Look I don’t know about any of you but I can’t do fancy stuff well. I LIKE fancy stuff but when it comes to me using it – well it just never works. I was in Sydney during the week for work and we stayed in a flash hotel, but for me I just seem to have trouble with the everyday posh appliances? Can we just talk about shower knobs and the like? I mean I turned the knob thingy but water came out of the tap for the bath? This made washing my hair very awkward. I felt like I had gone back in time and was “having a wash” like my Grandma used to say where they would stand in a basin with a wet flannel in the old days. Then we went to dinner and I had to use the facilities halfway through and I couldn’t find the flush button? Where was it?
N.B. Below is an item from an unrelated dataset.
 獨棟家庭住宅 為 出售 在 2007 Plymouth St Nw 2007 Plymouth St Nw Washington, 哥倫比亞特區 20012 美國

That wasn’t the end of it – there was a stick thing for the tap but no knobs to turn the water on to wash your hands, so I thought it might be one of those sensory ones and I was swishing my hands underneath with no luck (getting more and more aggressive with my swishing) and then finally someone came in and pressed the stick INTO the wall and then the water came out. I felt quite flustered. And I won’t even tell you about the hand dryer! What’s wrong with good old fashioned paper to dry your hands? That dyson dryer! I went back out to my work colleague looking like Drop Dead Fred. So much for blow drying me hair.
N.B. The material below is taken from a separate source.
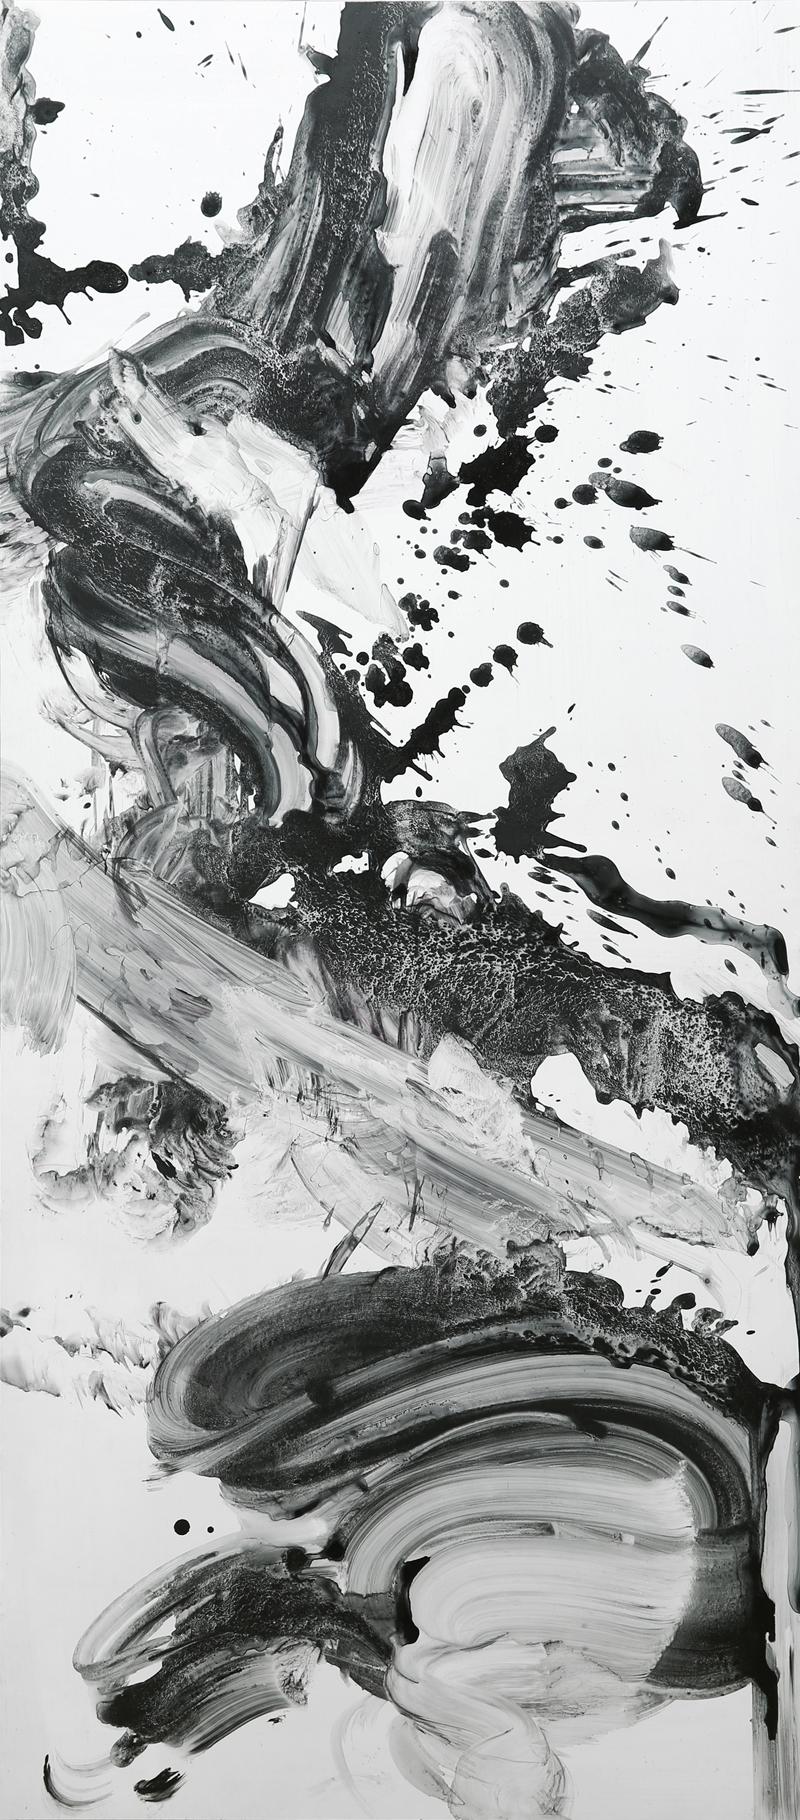 Untitled 04, 2014

And it was cold, like that horrible wet cold. So I had to wear stockings. Note to self, get up earlier and allocate MORE TIME for the “putting on stockings chore” It was terrible, I was lying on the bed reefing them up and I was having trouble getting them past my knees – then I realize I had picked the small size (obviously that was very hopeful of me) so I got them up but once I looked in the mirror to check for holes I realized I looked like a trussed sausage. I wanted to look all swish and professional. Sigh.
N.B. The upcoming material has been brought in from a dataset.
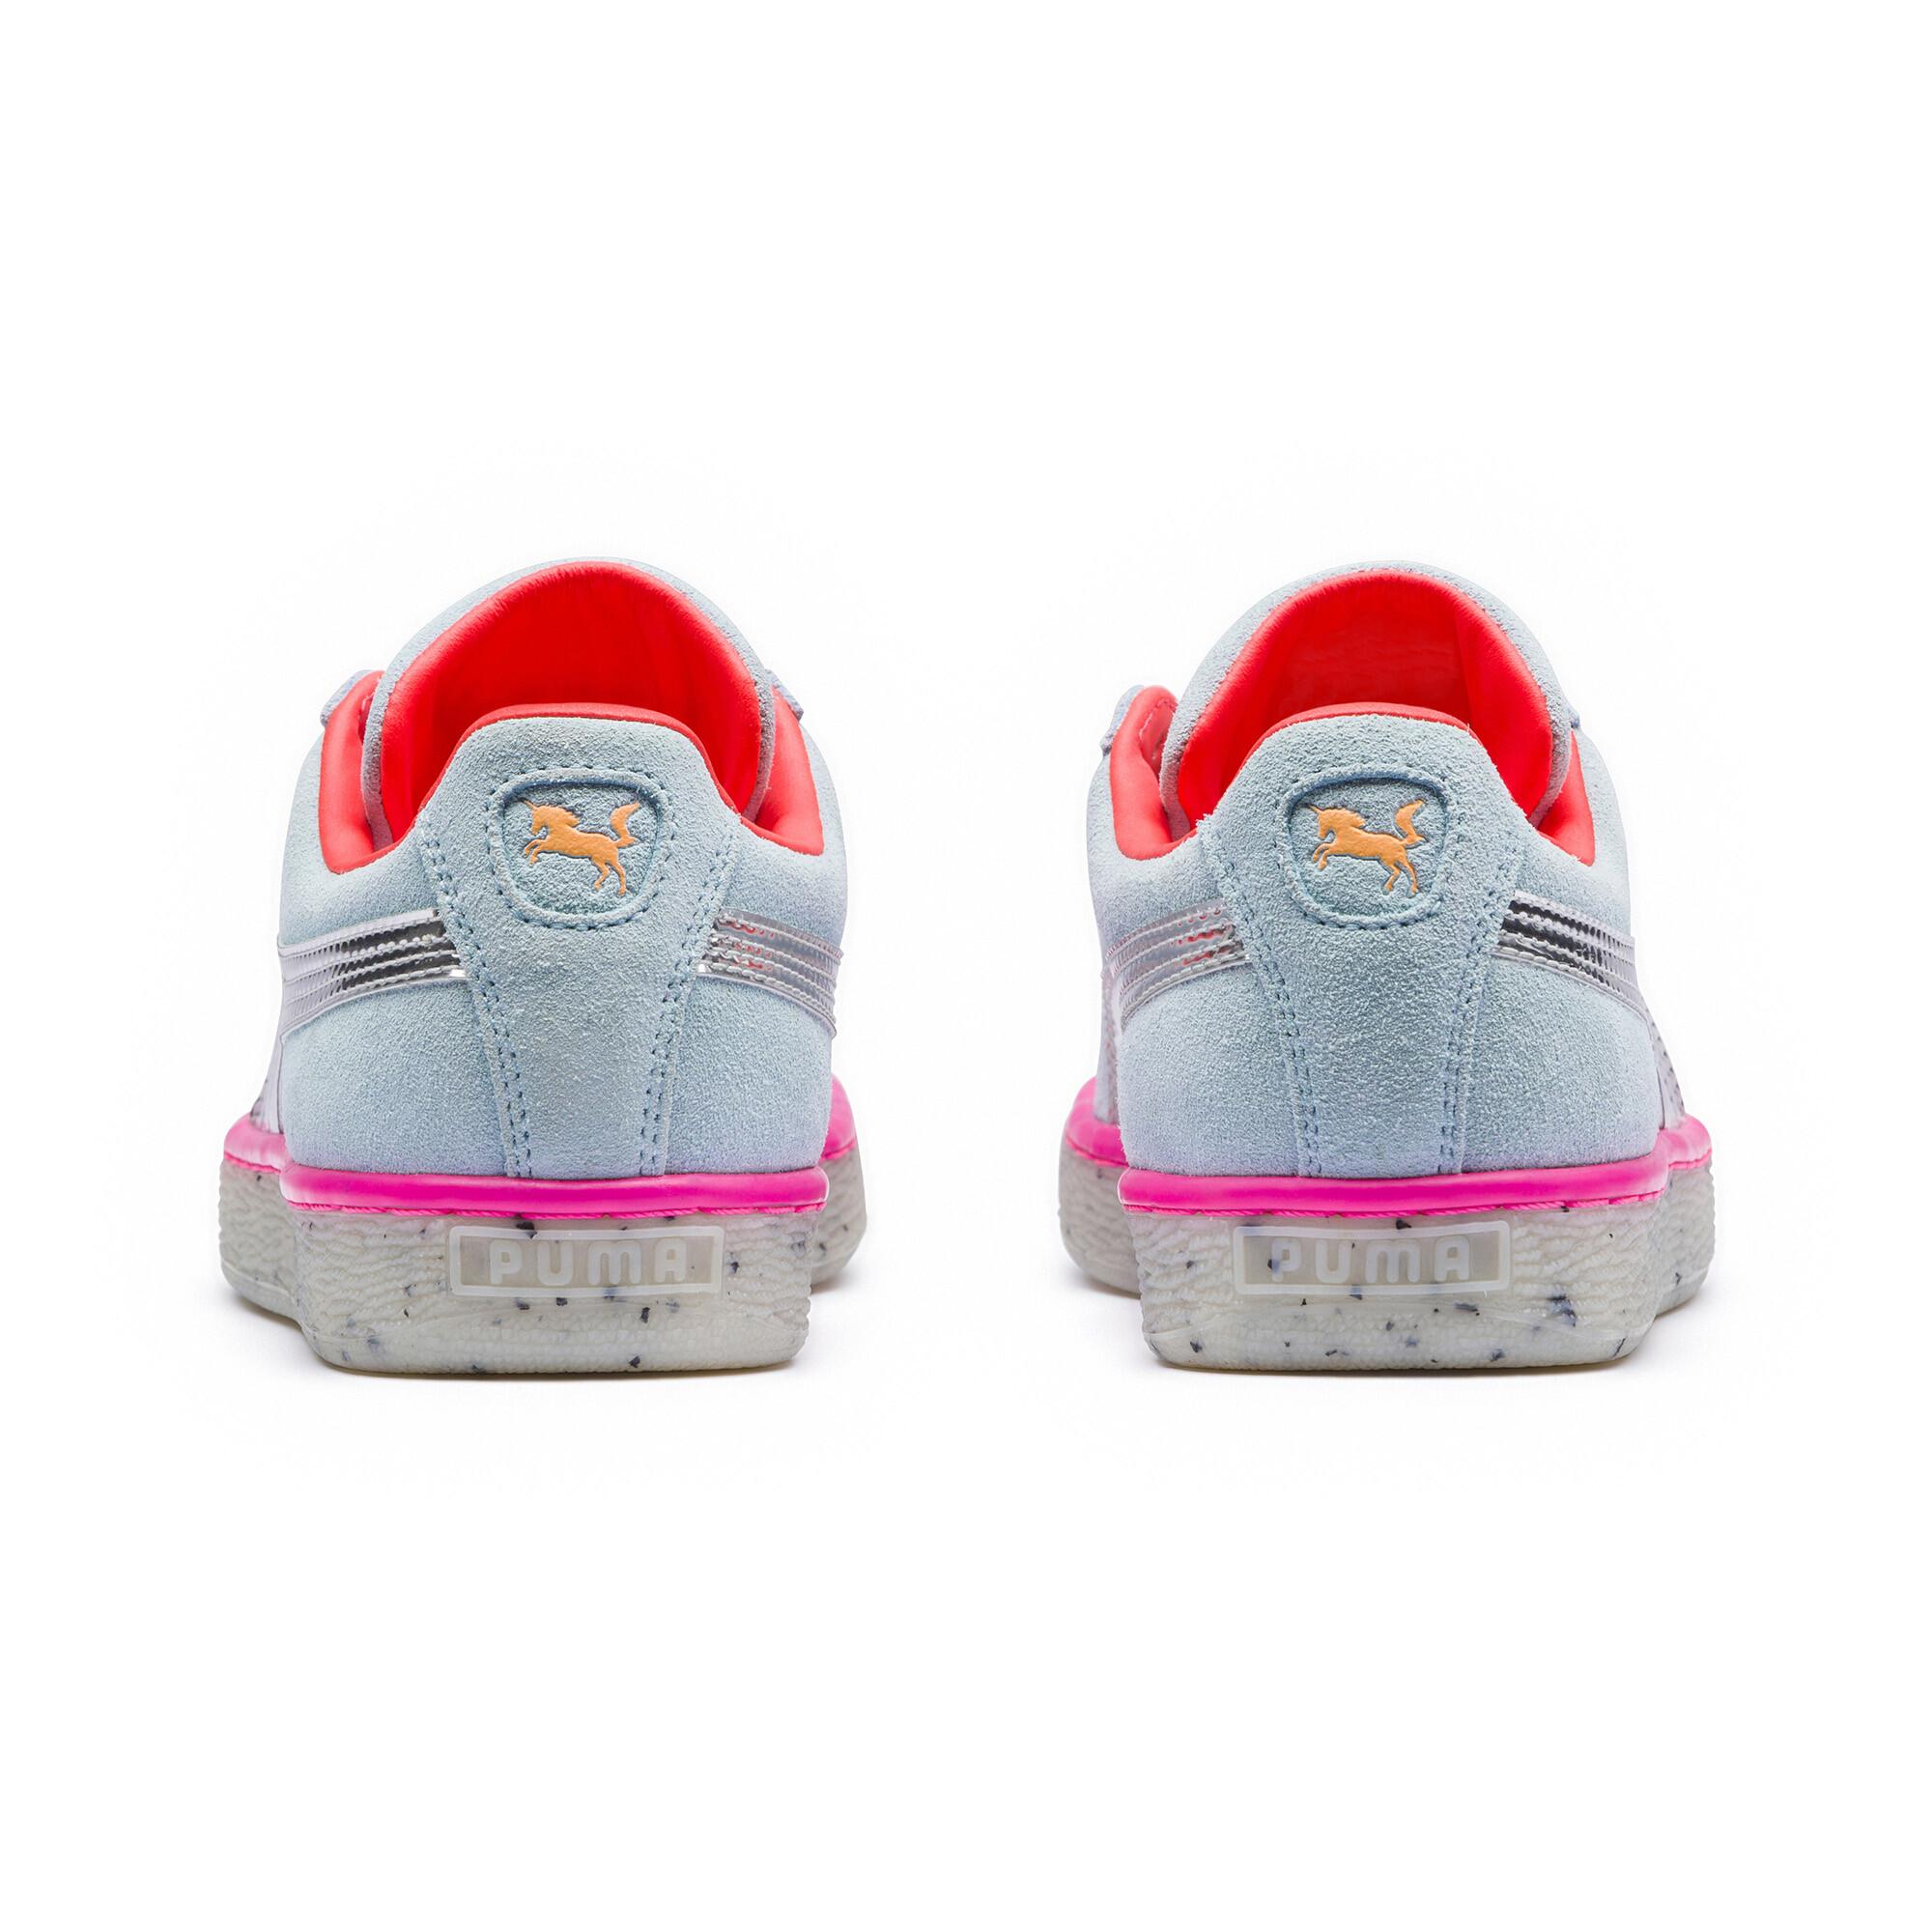 Image Puma PUMA x SOPHIA WEBSTER Women's Suede Candy Princess Sneakers #4

Upon my return home I was greeted very enthusiastically by one little man and one big man. I spent the remainder of that afternoon with both of them velcroed to my legs and lots of requests for cuddles, tearing open their gifts, telling me all about their week without me and then re-attaching themselves to my legs. Lots of people say to me “don’t you enjoy the time to yourself”? I do I guess but deep down I worry about them both.. are they eating their carrots? Is Trent just living off steak, chips and eggs? Has the washing been done or are they just lounging around in their jocks all day? Did the dogs get fed? Did he remember to close the bathroom window before he went to bed? And of course because nothing beats the soft warm little body of my son lying across my torso with his chubby dirt encrusted little toes resting on my knees while he talks away (gobblygooktalk) and my husband’s big furry body to snuggle up with (he quite likes to be spooned) in bed. So yes time away was good (even the fancy non-user friendly shower knobs and such) but if I can be anywhere, it’s with my boys.